Command | Mean [ms] | Min [ms] | Max [ms] |
---|---|---|---|
10 |
81.9 ± 8.6 | 69.8 | 106.6 |
60 |
84.4 ± 8.4 | 72.6 | 99.8 |
110 |
92.0 ± 13.1 | 75.2 | 140.5 |
160 |
99.1 ± 9.2 | 81.4 | 115.6 |
210 |
108.8 ± 8.7 | 89.8 | 130.9 |
260 |
117.8 ± 7.4 | 105.1 | 134.8 |
310 |
136.6 ± 13.0 | 118.5 | 163.6 |
360 |
150.6 ± 6.2 | 140.5 | 166.9 |
410 |
187.6 ± 36.2 | 162.5 | 321.0 |
460 |
198.2 ± 12.8 | 170.7 | 216.2 |
1000 |
625.3 ± 24.5 | 595.3 | 662.5 |
5000 |
20862 ± 441 | 19915 | 21301 |
wow, that is a x271
speed bump for larger matrices. We can still wait for 20 seconds.
sub matrix version
Command | Mean [ms] | Min [ms] | Max [ms] |
---|---|---|---|
10 |
98.1 ± 12.9 | 83.6 | 145.1 |
60 |
102.9 ± 7.8 | 92.2 | 121.4 |
110 |
110.4 ± 10.1 | 91.7 | 131.8 |
160 |
122.2 ± 12.3 | 101.5 | 146.6 |
210 |
141.5 ± 18.2 | 119.2 | 178.2 |
260 |
148.0 ± 9.5 | 125.4 | 162.9 |
310 |
177.5 ± 43.8 | 154.4 | 350.1 |
360 |
180.4 ± 14.6 | 162.4 | 218.9 |
410 |
222.0 ± 17.0 | 198.8 | 252.7 |
460 |
233.9 ± 19.9 | 207.9 | 283.7 |
1000 |
714.2 ± 13.7 | 681.0 | 732.6 |
5000 |
26.627 ± 803 | 25886 | 28594 |
here we see a slight speed down compared to the normal multiplitication.
zig
lets use zig, see if this will help. numpy
uses BLAS
under the hood, so we should also use this.

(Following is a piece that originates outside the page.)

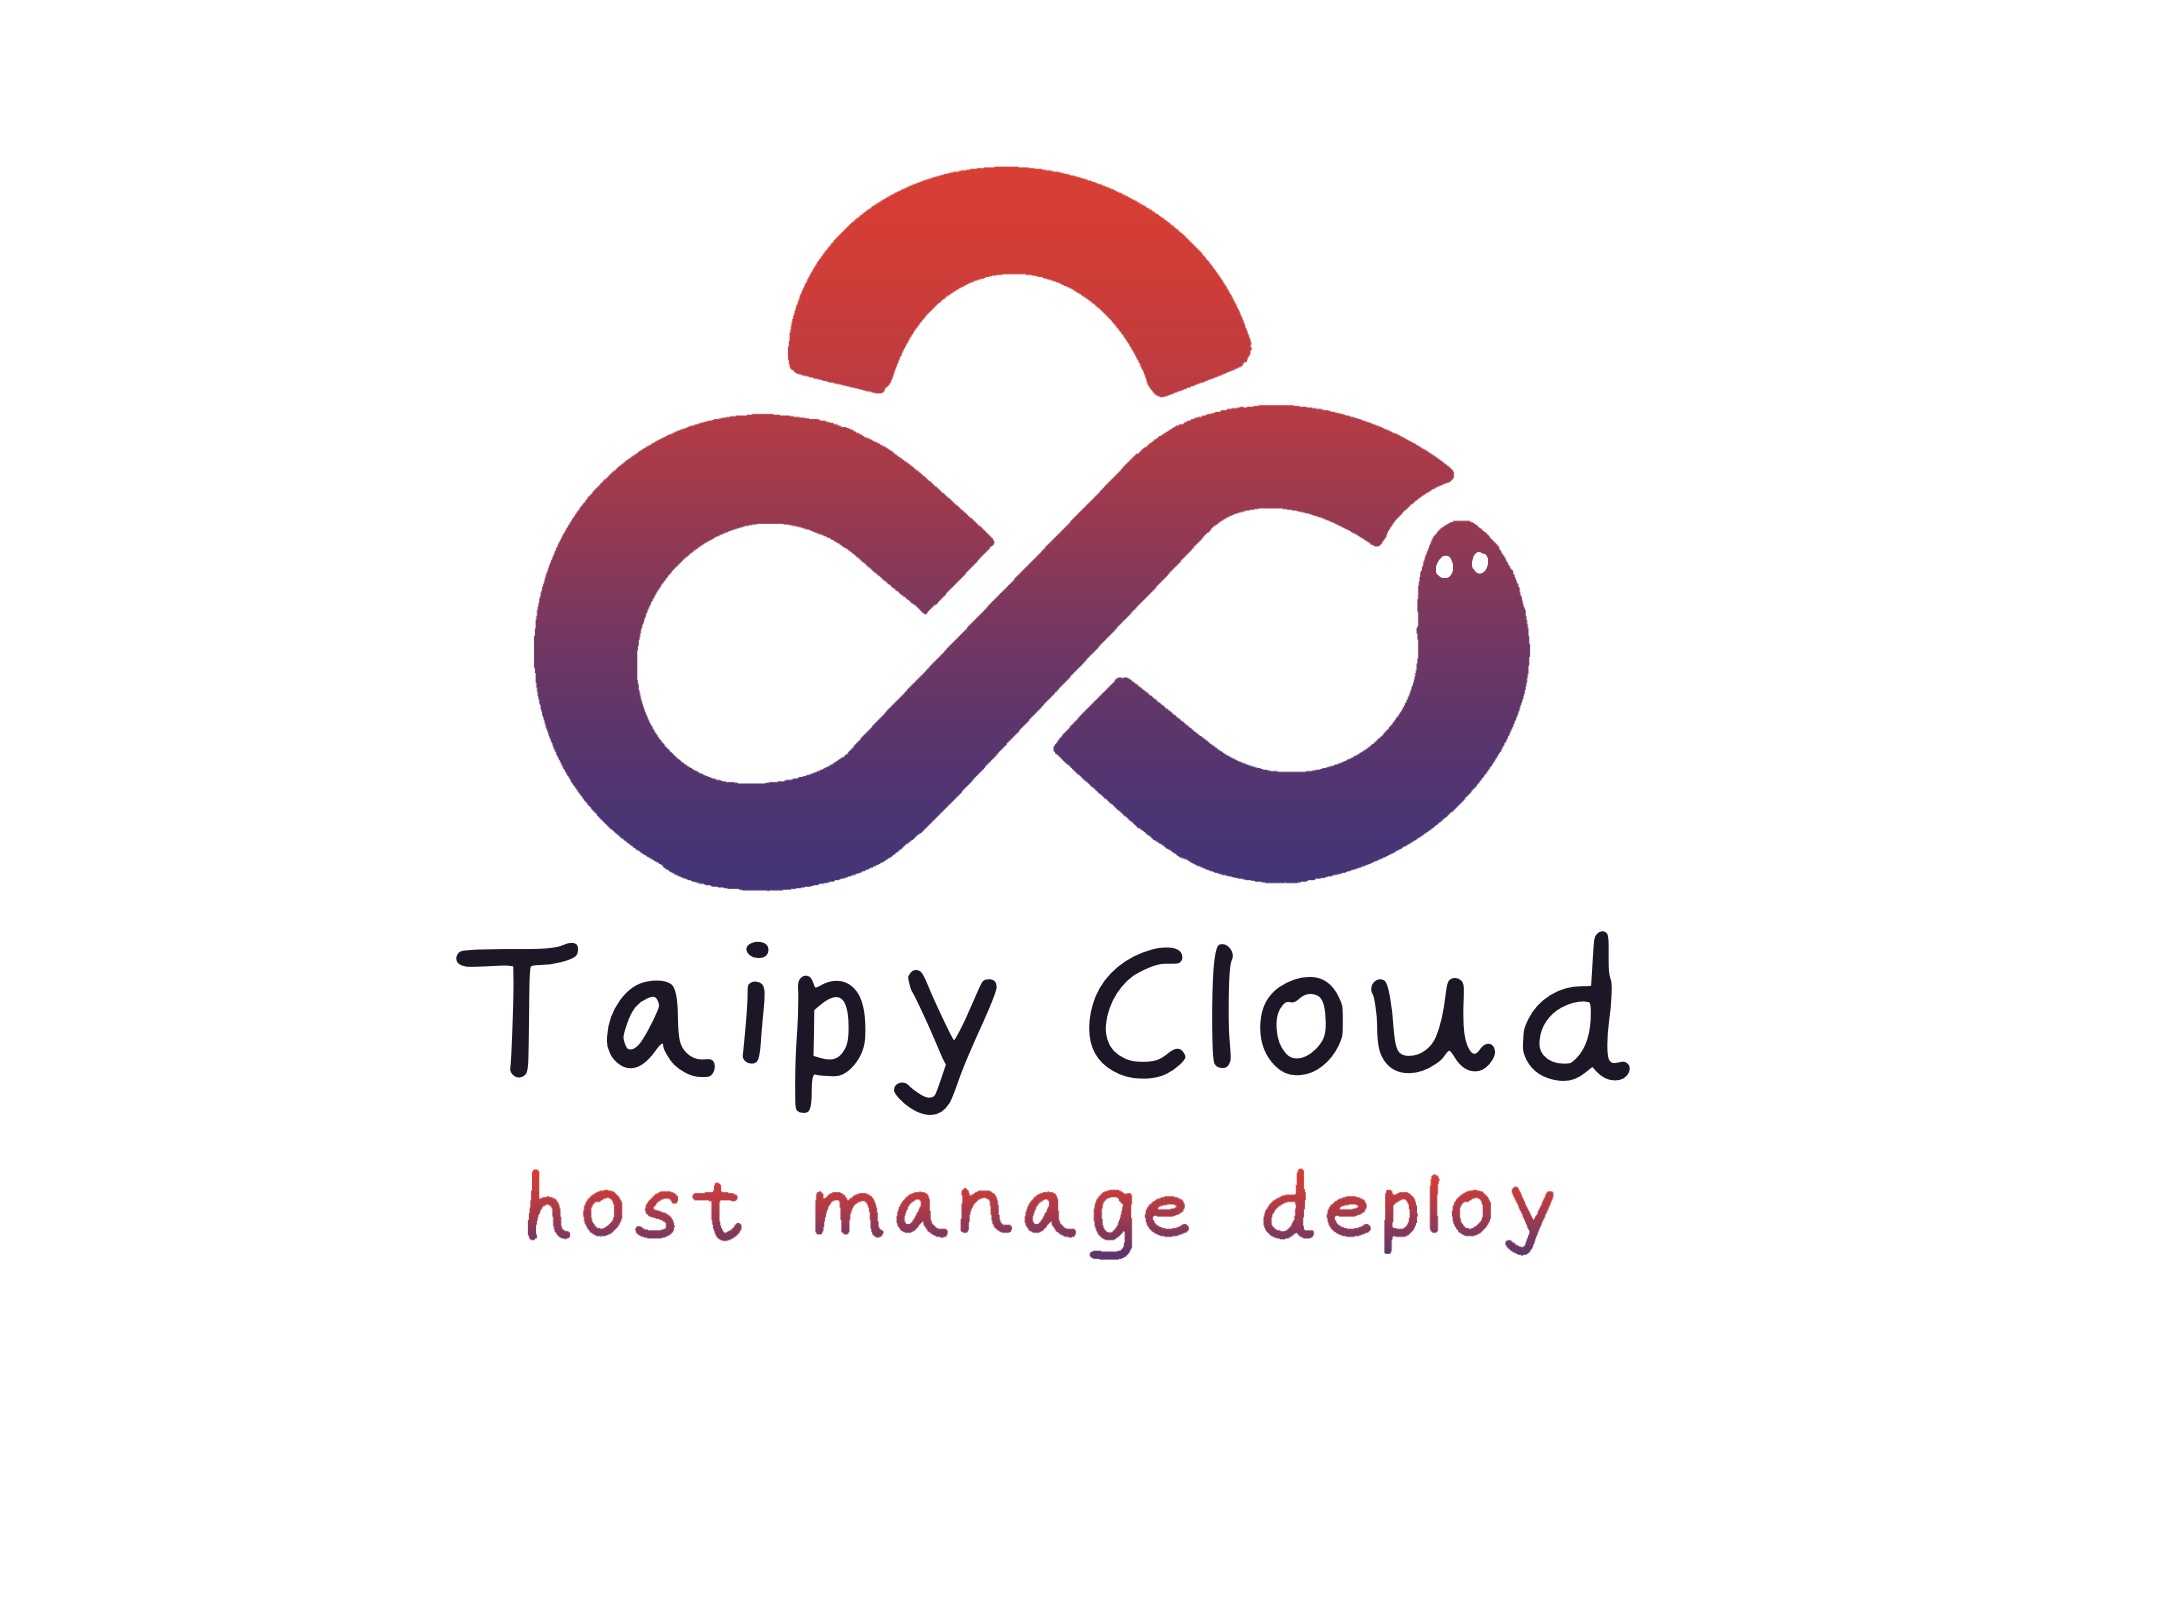 Taipy Cloud

zig test src/main.zig -lc -L/System/Library/Frameworks/Accelerate.framework/Versions/Current/Frameworks/vecLib.framework/libBLAS.dynlib -lBLAS -OReleaseFast
Command | Mean | Min | Max |
---|---|---|---|
./main 10 |
747.7µs ± 155.1 | 503.6µs | 1555.9µs |
./main 60 |
1173.5µs ± 143.3 | 936.6µs | 1961.8µs |
./main 110 |
1959.6µs ± 157.7 | 1701.4µs | 2811.6µs |
./main 160 |
3253.8µs ± 156.4 | 2915.4µs | 4063.2µs |
./main 210 |
5047.6µs ± 149.9 | 4683.0µs | 5937.6µs |
./main 260 |
6630.8µs ± 179.3 | 6199.3µs | 7487.5µs |
./main 310 |
8609.8µs ± 170.4 | 8167.1µs | 9566.0µs |
./main 360 |
11320.0µs ± 194.3 | 10877.6µs | 12363.8µs |
./main 410 |
14868.5µs ± 185.5 | 14407.6µs | 15442.5µs |
./main 460 |
18.5258ms ± .2908 | 18.0263ms | 20759.3µs |
we dipped into sub order!
Command | Mean | Min | Max |
---|---|---|---|
./main 1000 |
105.7 ms ± 1.5 ms | 103.2 ms | 109.2 ms |
./main 5000 |
8.316 s ± 0.033 s | 8.281 s | 8.379 s |
./main 10000 |
64.337 s ± 0.162 s | 64.122 s | 64.657 s |
thats is an 1530x
speed increase than the original python numpy implmentation with 1000 nodes! The other thing is that the calculation doensn’t hog the cpu!
To increase the number than this, I think we need to go deeper into GPUs.